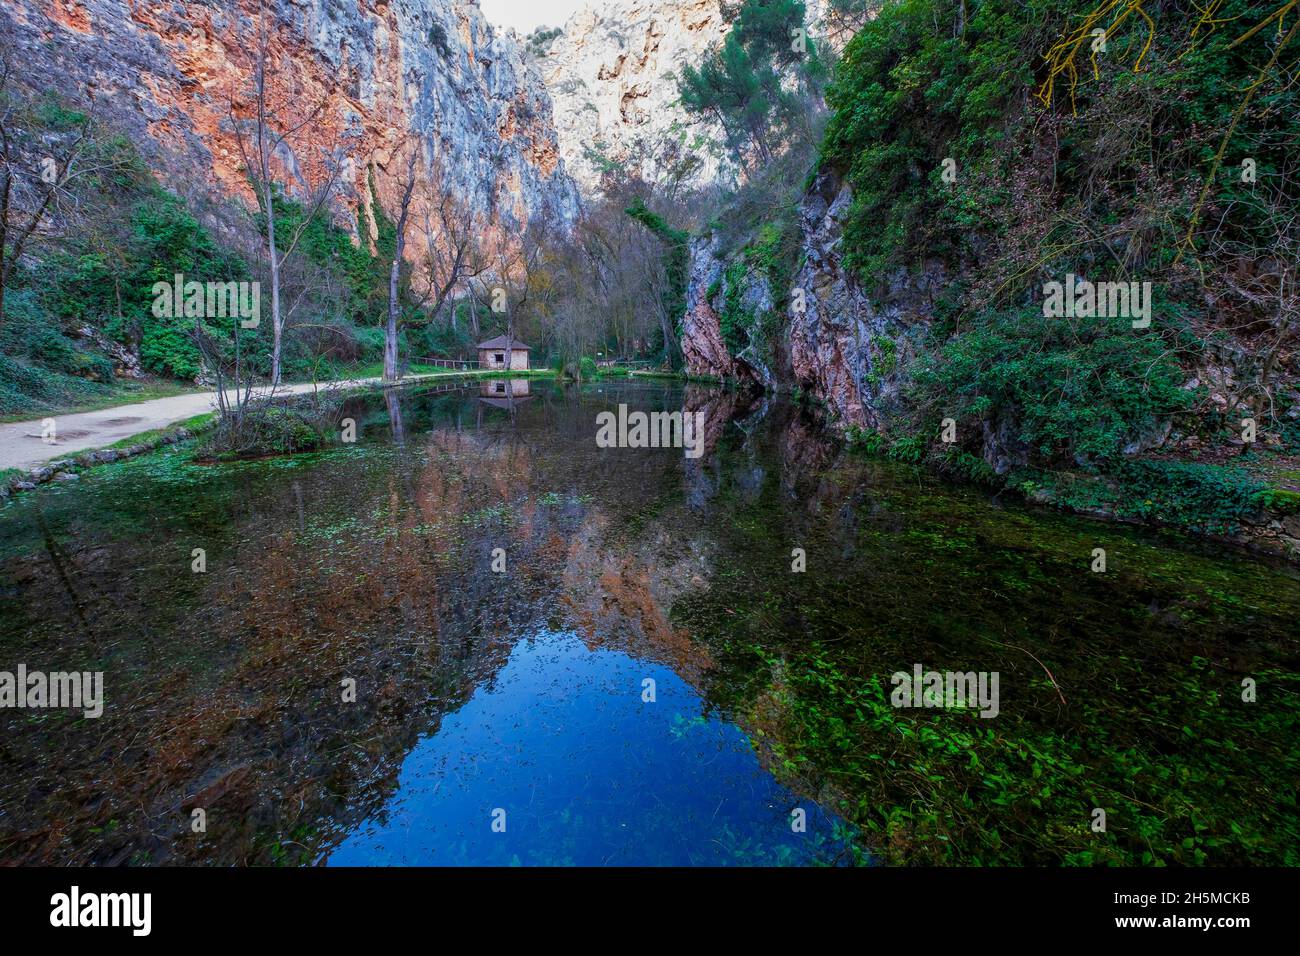 Waterfall in the Monasterio de Piedra (Piedra Monastery) park, Saragossa, Aragon, Spain Stock Photo
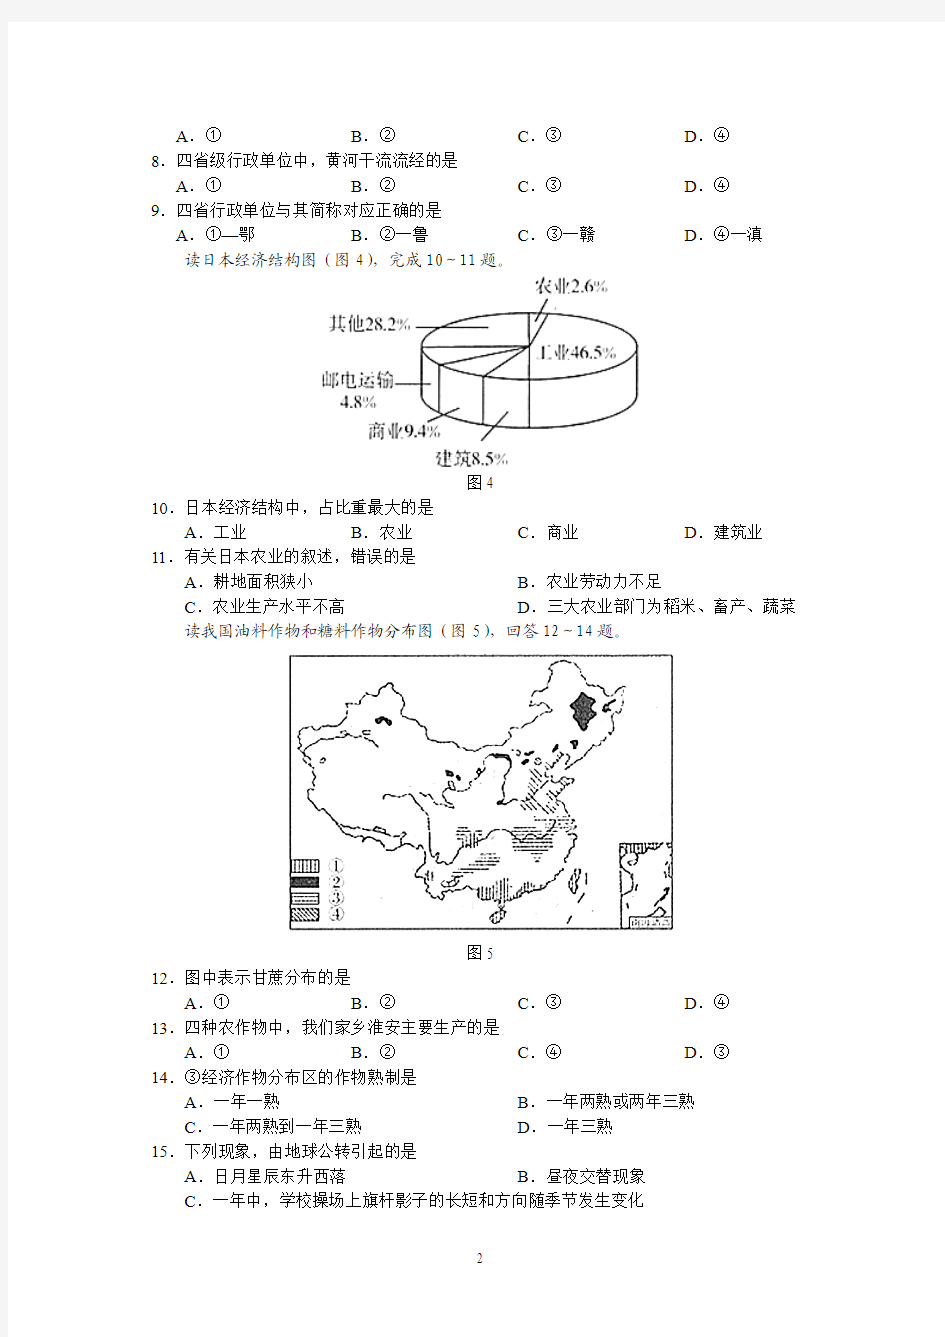 2013年湛江市中考地理模拟试题(二)
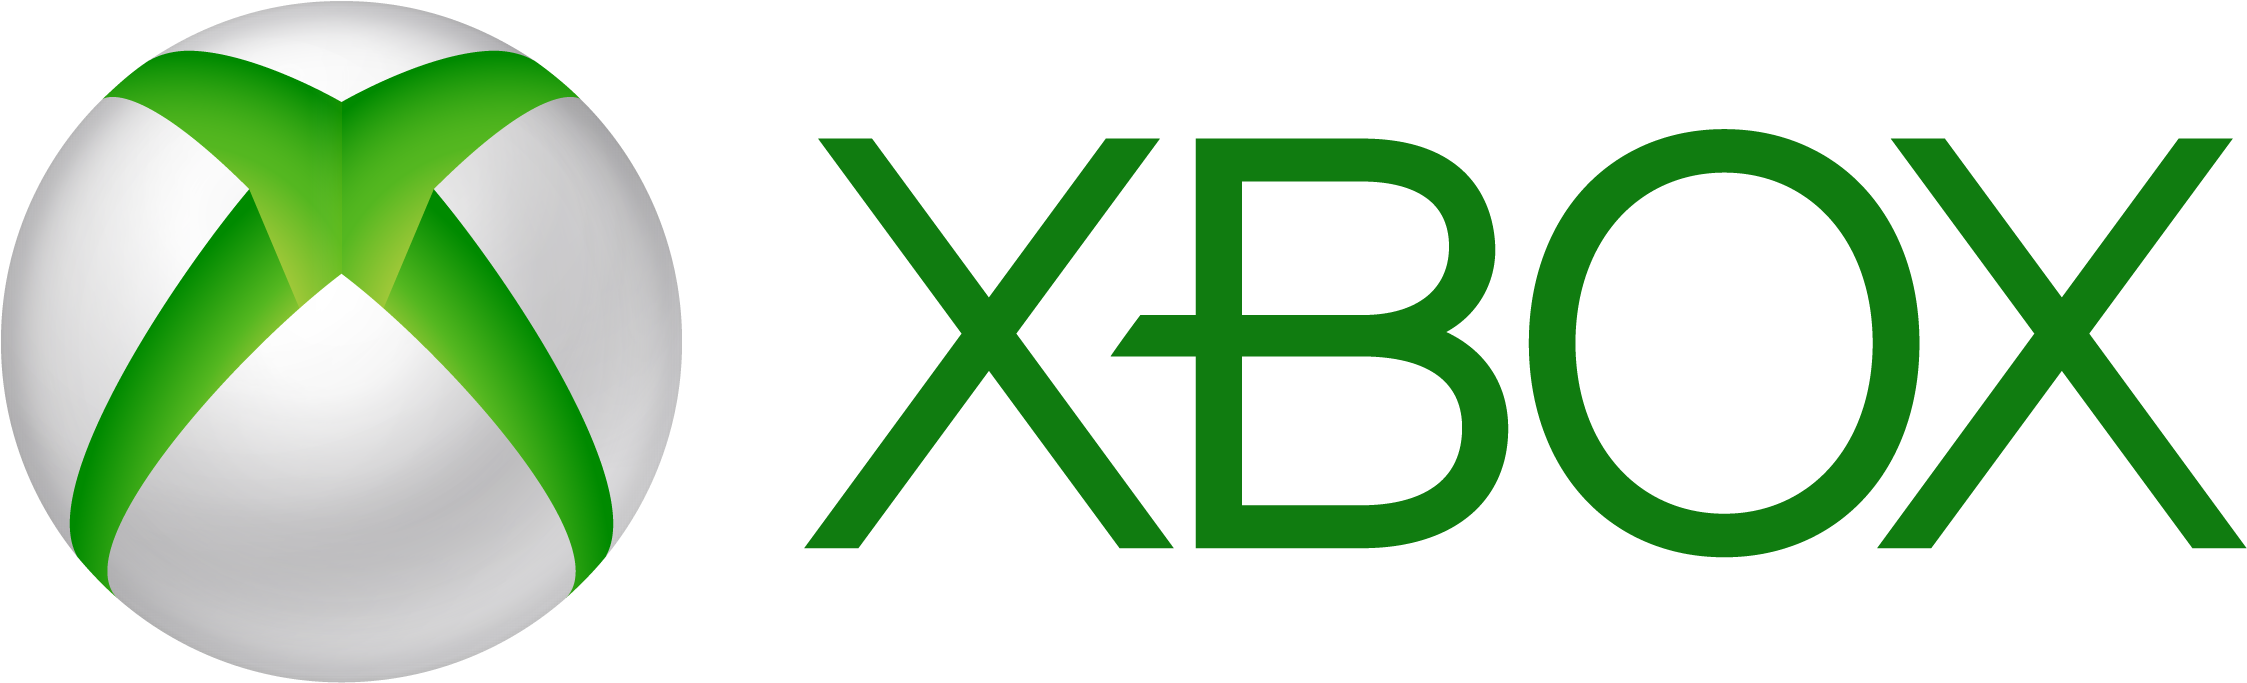 Microsoft Logo For Xbox One - Microsoft Xbox One Xbox One Wireless Controller - Black (2265x697)
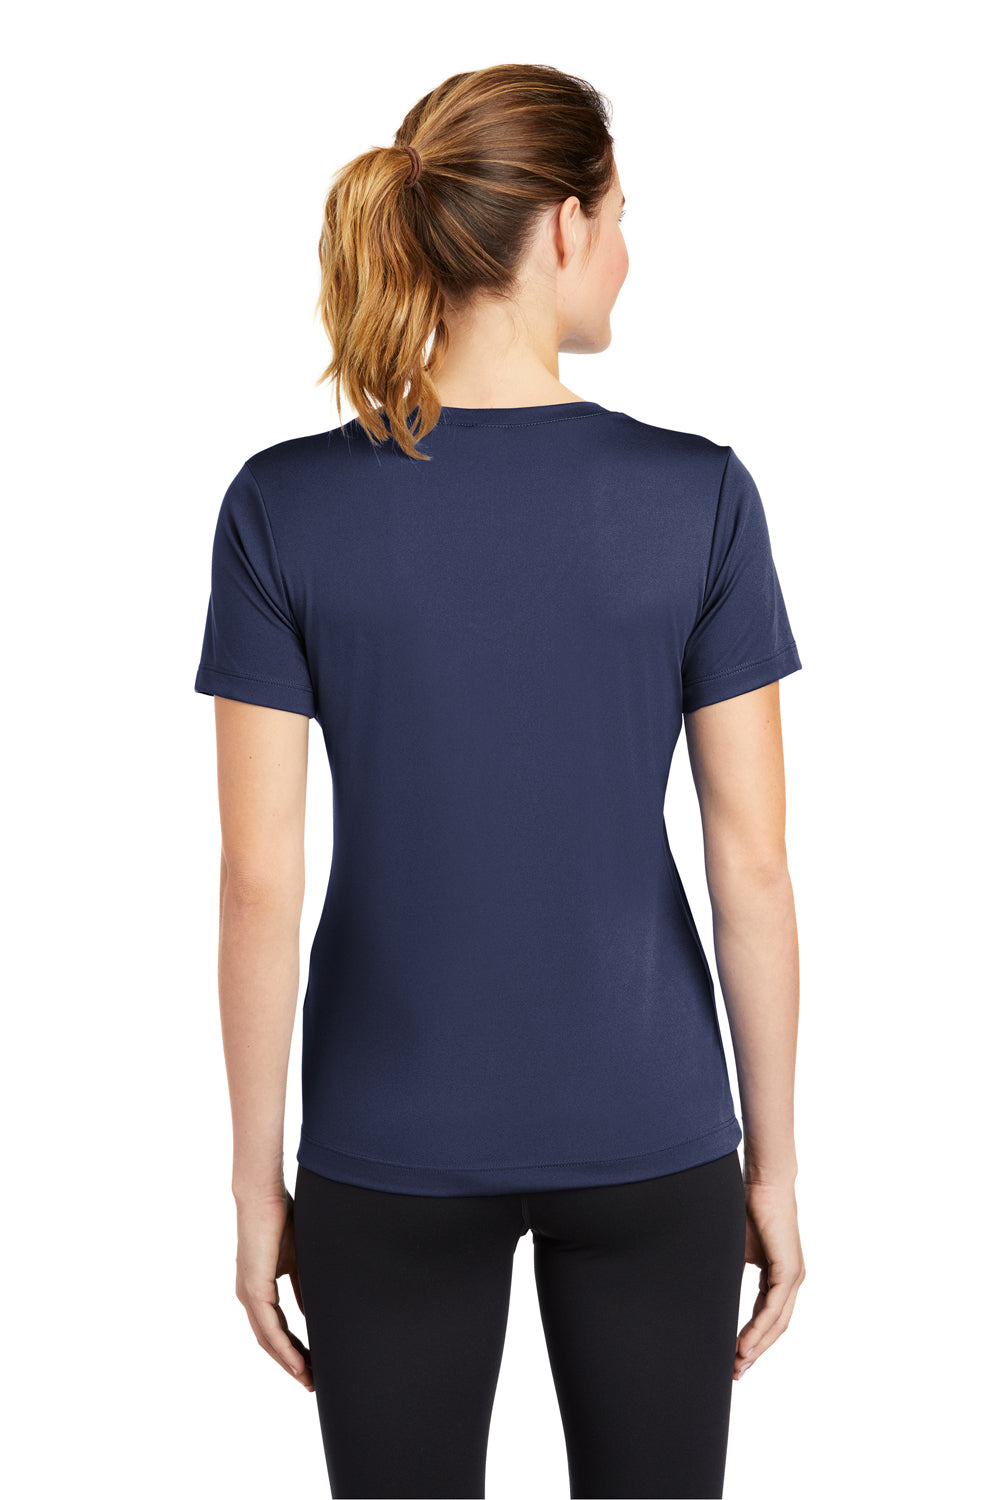 Sport-Tek LST353 Womens Competitor Moisture Wicking Short Sleeve V-Neck T-Shirt Navy Blue Back
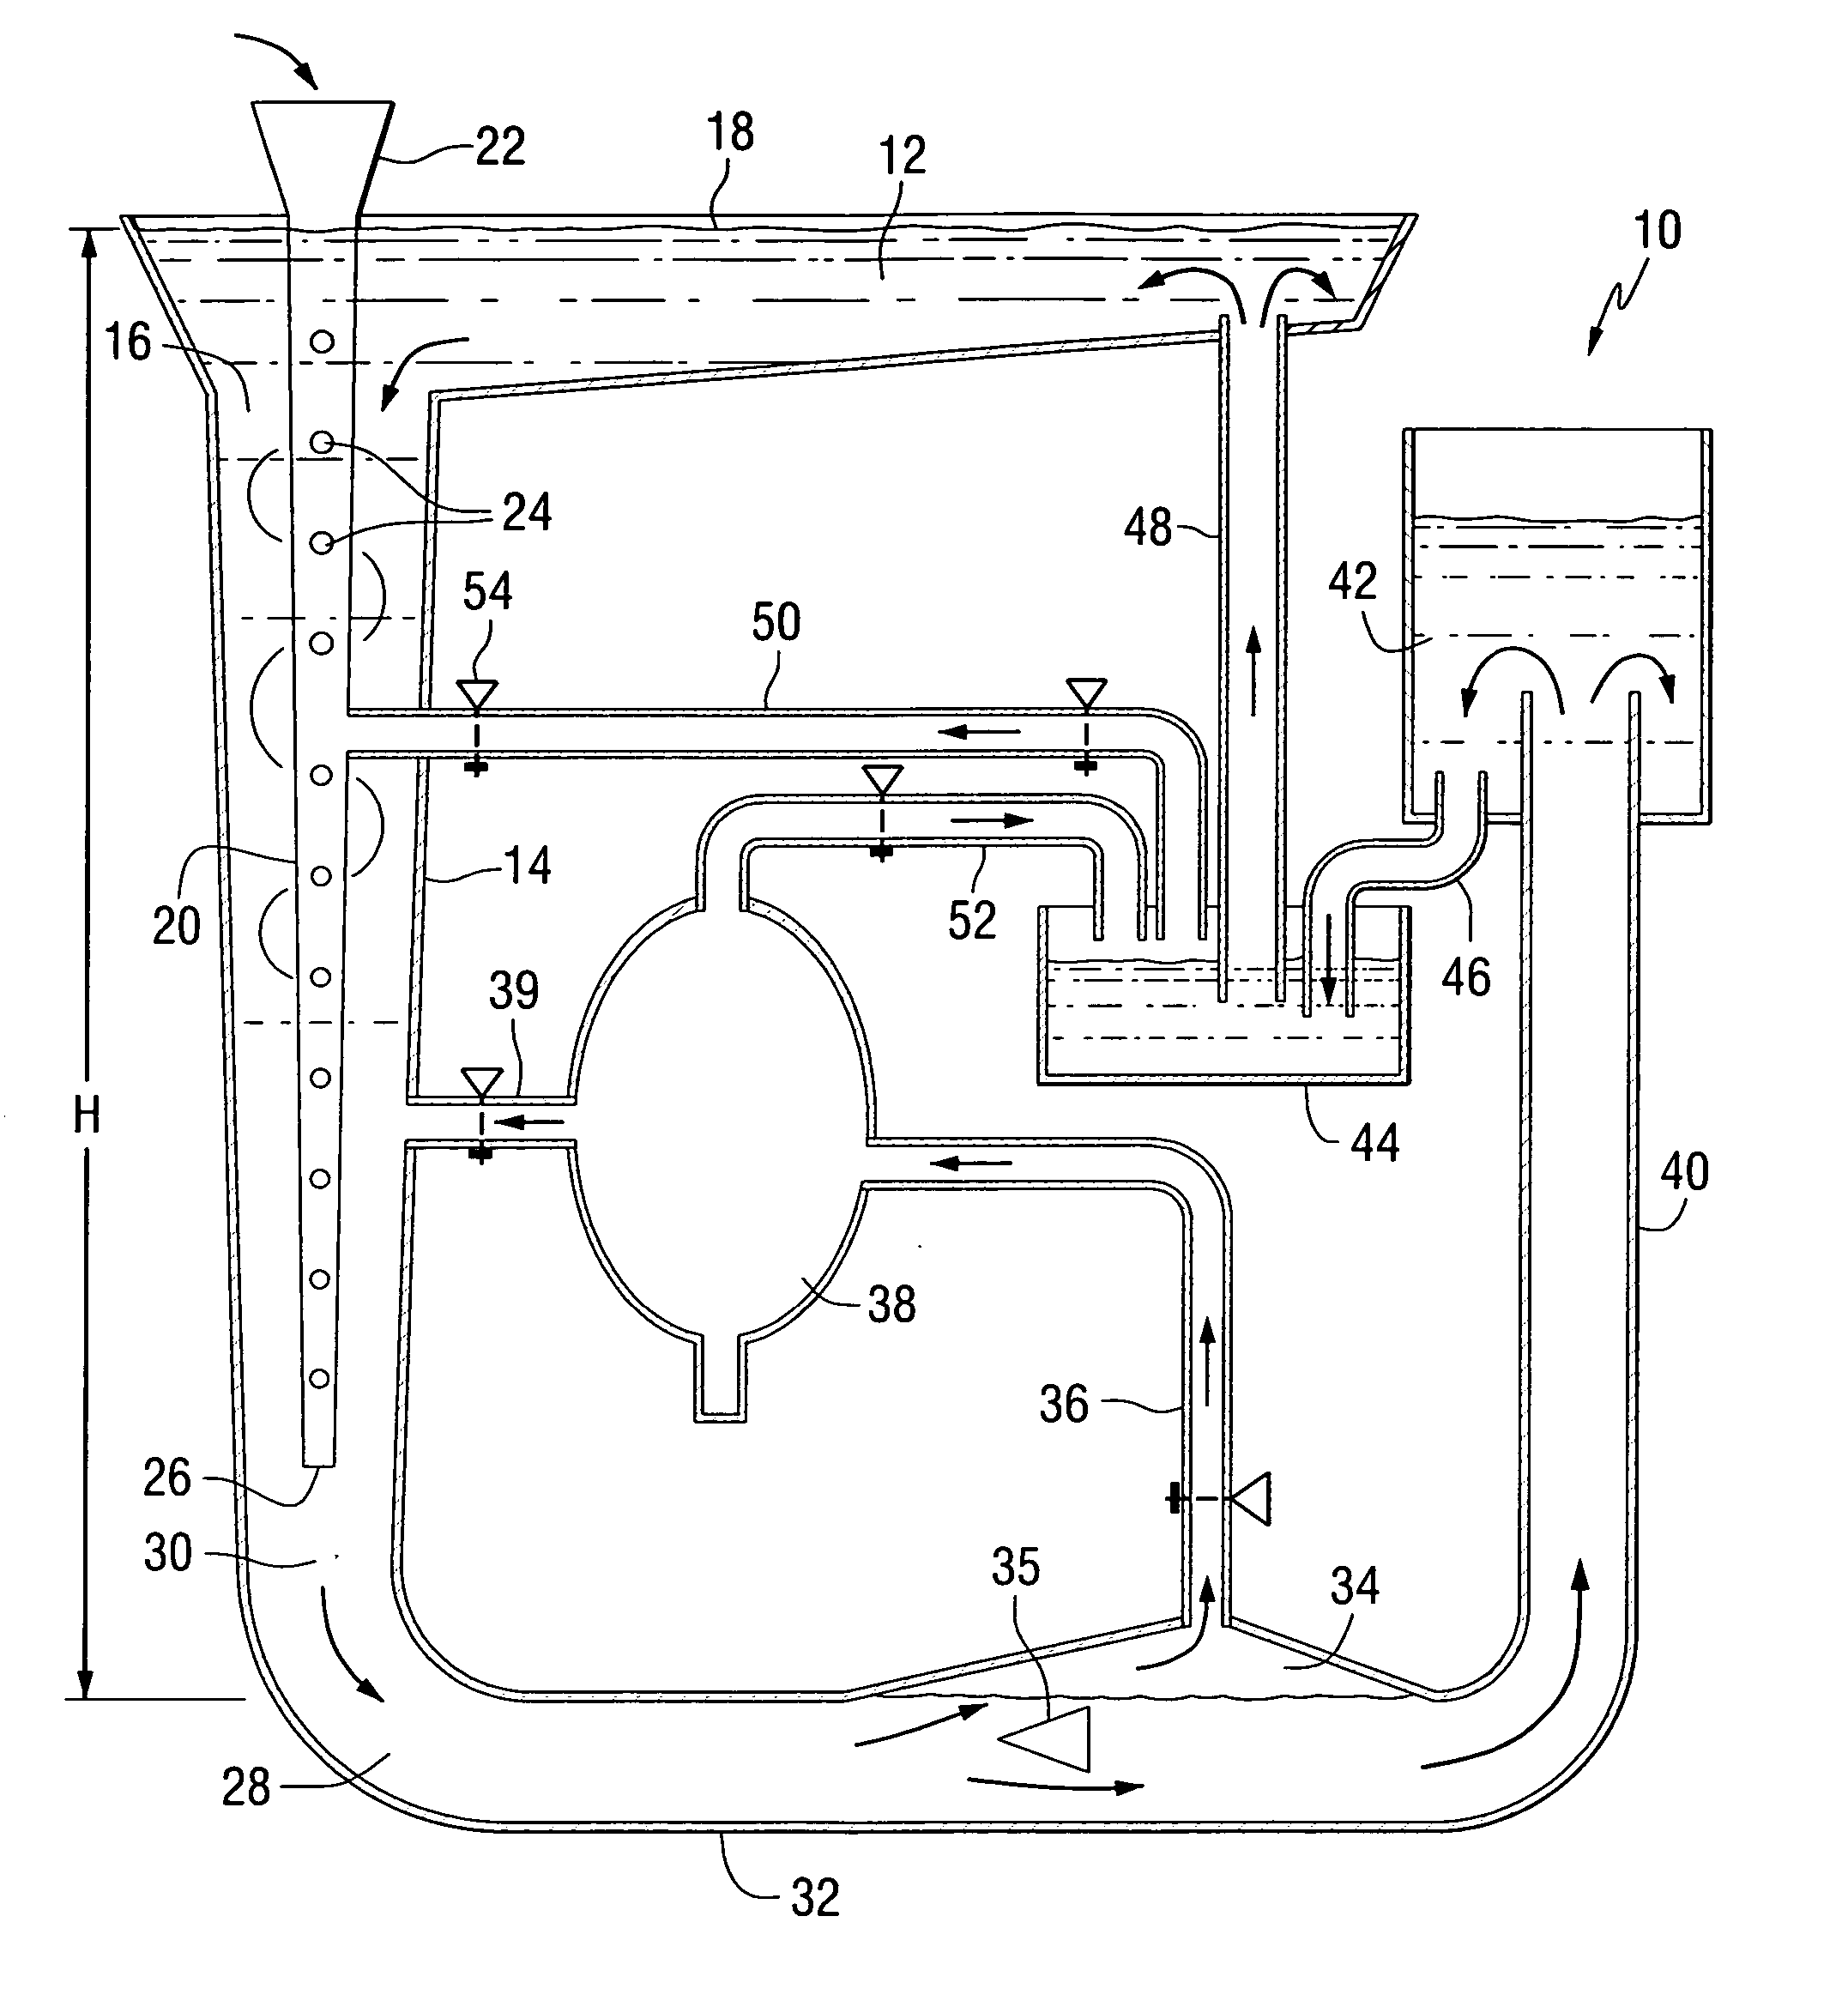 Hydraulic liquid pumping system

┄┄┄┄┄┄┄┄┄┄

- ACTIVITY
Write out exactly the lines beginning with the line that holds "Sport-Tek LST353 Womens" and ending with the final line of the data, both ends included, without the pictures.

- ANSWER TO THIS EXERCISE
 Sport-Tek LST353 Womens Competitor Moisture Wicking Short Sleeve V-Neck T-Shirt Navy Blue Back
 Hydraulic liquid pumping system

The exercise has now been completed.